The New York Fed earned $8.22 billion in interest and fees on a credit facility and other support extended to the insurer, according to the regulator’s website. The district bank also made $2.85 billion on its investment in a bailout fund called Maiden Lane II that held mortgage bonds taken over from AIG.

Another facility, called Maiden Lane III, had $9 billion outstanding on a loan from the New York Fed as of April 11. The regulator said this month that it may wind down the portfolio, valued at about $17.6 billion, through asset sales and invited banks including Goldman Sachs Group Inc., Barclays Plc and Deutsche Bank AG to submit bids to buy part of the holdings. AIG is entitled to some of the profits if the facility is liquidated.
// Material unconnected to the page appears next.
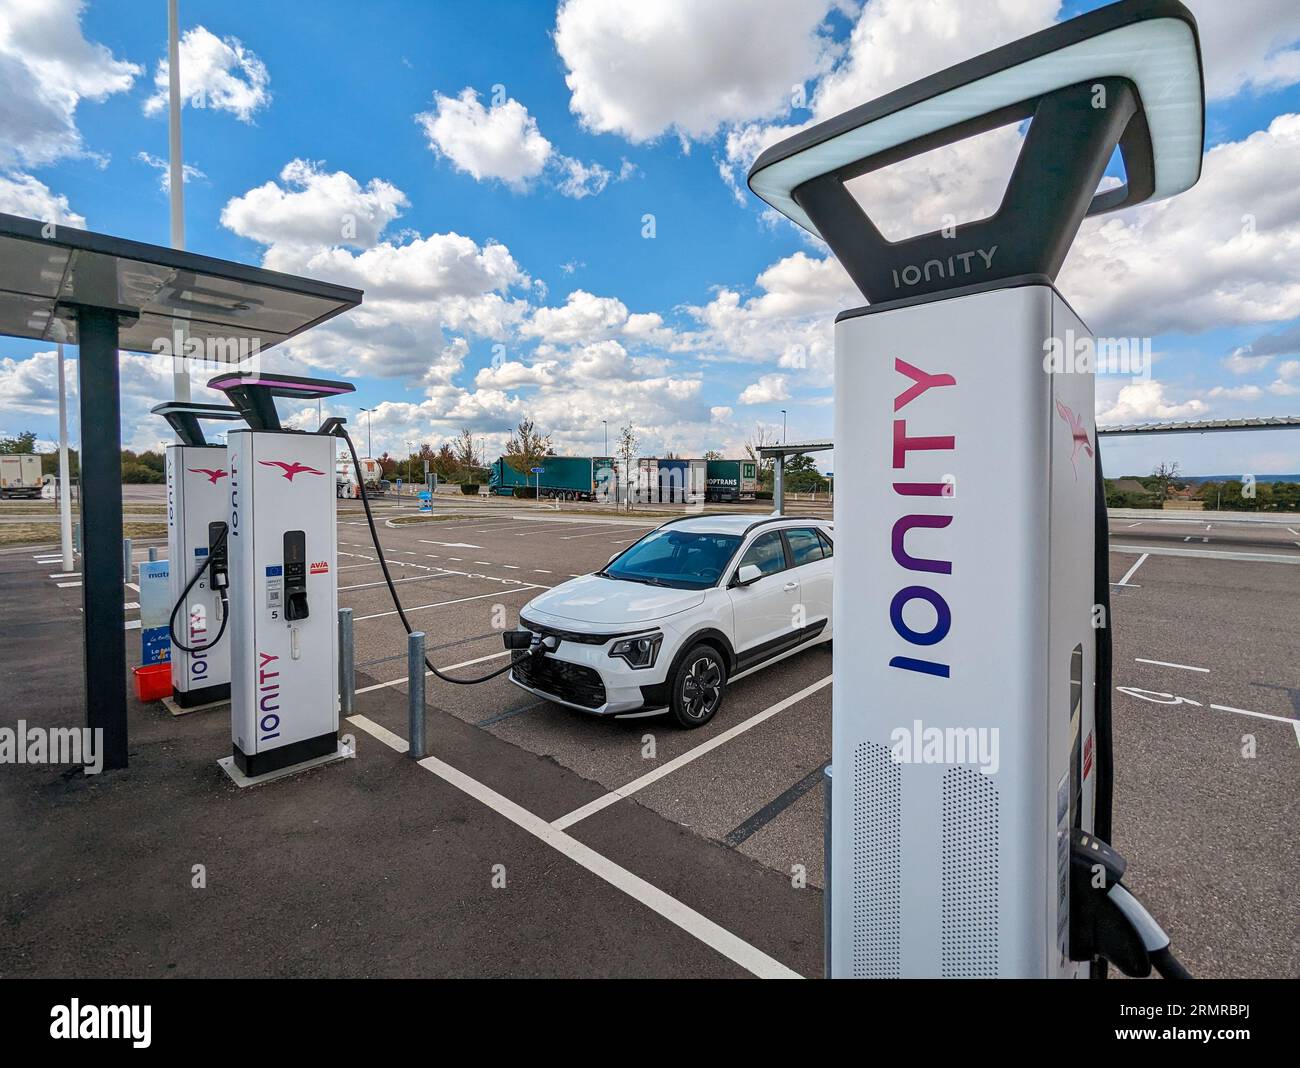 Borne de recharge pour véhicules électriques appartenant au réseau Ionity, située sur la zone de desserte Avia de Maison Dieu sur l’autoroute A6 Banque D'Images
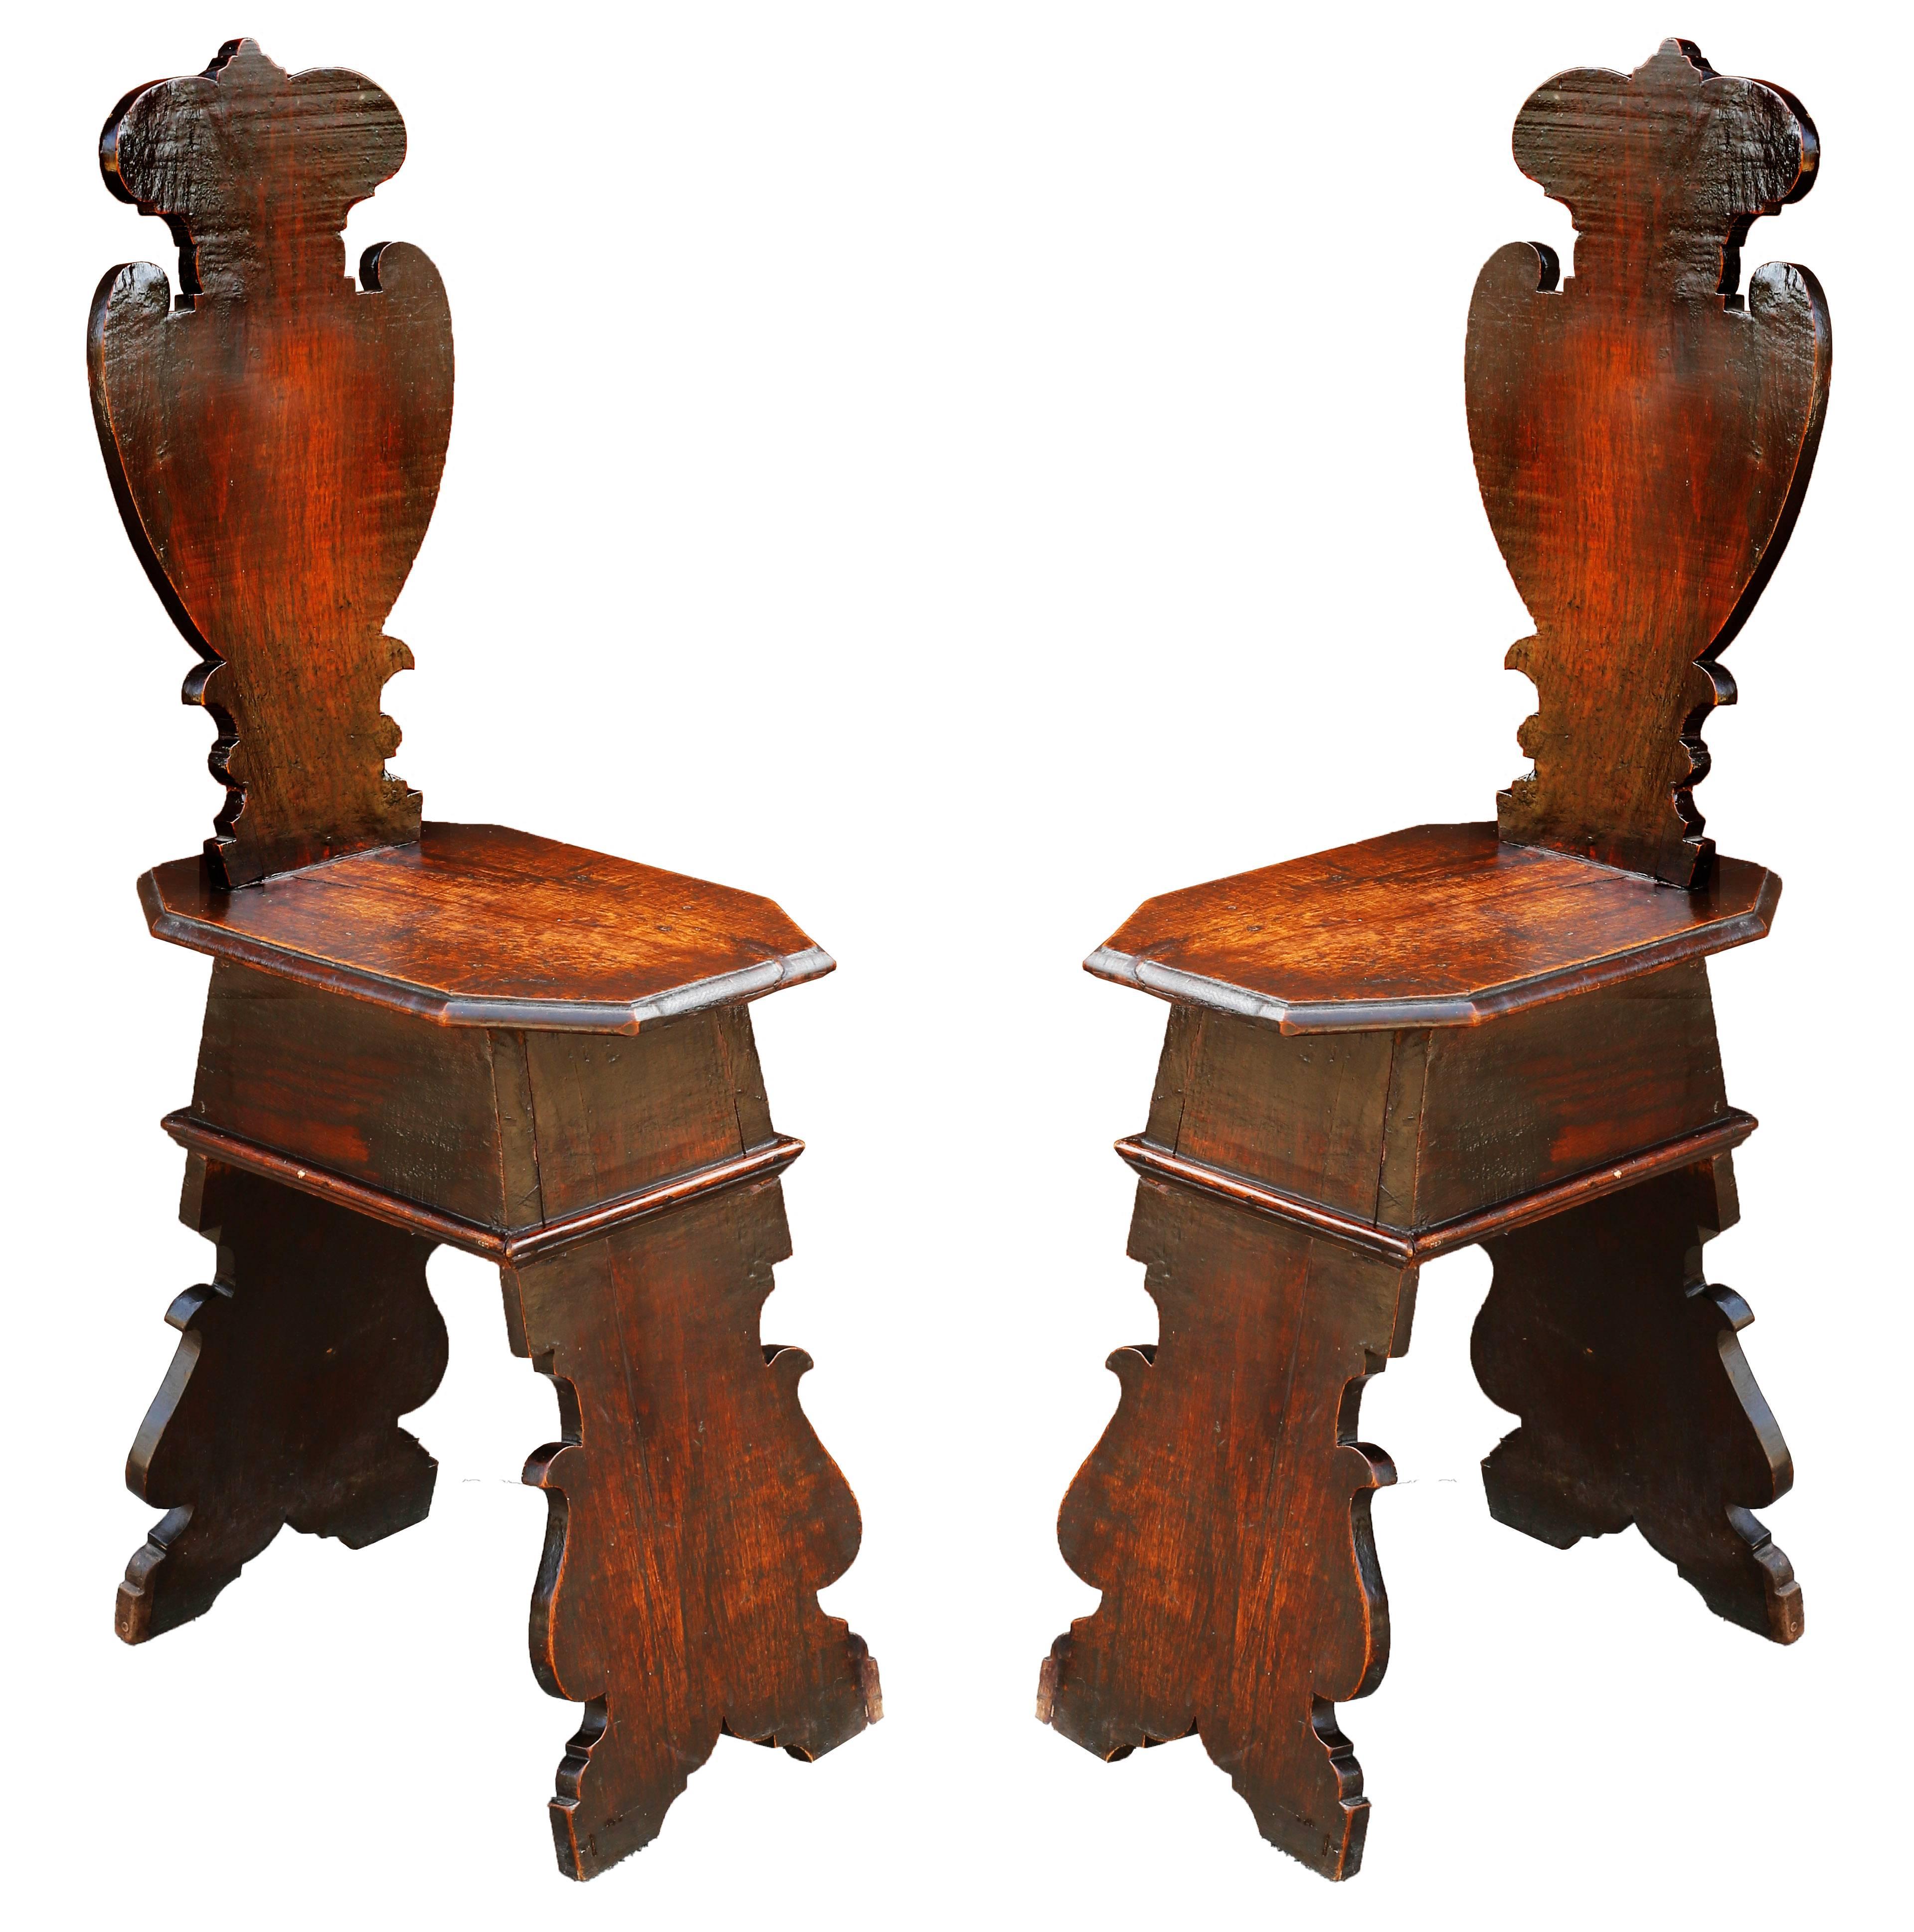 Remarquable paire de chaises de salle en chêne et en noyer d'après les modèles de la Renaissance italienne qui ont été adaptés par les Anglais au début du XVIIIe siècle. Cette forme de tabouret décoratif était simplement constituée de planches, mais

The Treasury earned about $930 million in interest and other income on its preferred stake before converting it into common stock last year. Since then, the department has sold about 400 million of its shares for $29 apiece in two offerings, for a profit of more than $100 million, assuming a break-even price of $28.72 a share. AIG closed yesterday at $32.59, and the Treasury could fail to recover its investment if it sells below the breakeven price.

Matthew Anderson, a spokesman for the Treasury, referred to a presentation on the department’s website that said the government stands to make a gain on its AIG investment at current market prices. Jack Gutt, a spokesman for the New York Fed, declined to comment, as did AIG’s Mark Herr.

The insurer was rescued in September 2008 after wrong-way bets on the housing market drained capital. The bailout was revised at least four times, swelling to $182.3 billion as the U.S. extended more credit and lowered the interest charged. Asset sales helped the insurer reduce the government’s investment to about $45 billion last month.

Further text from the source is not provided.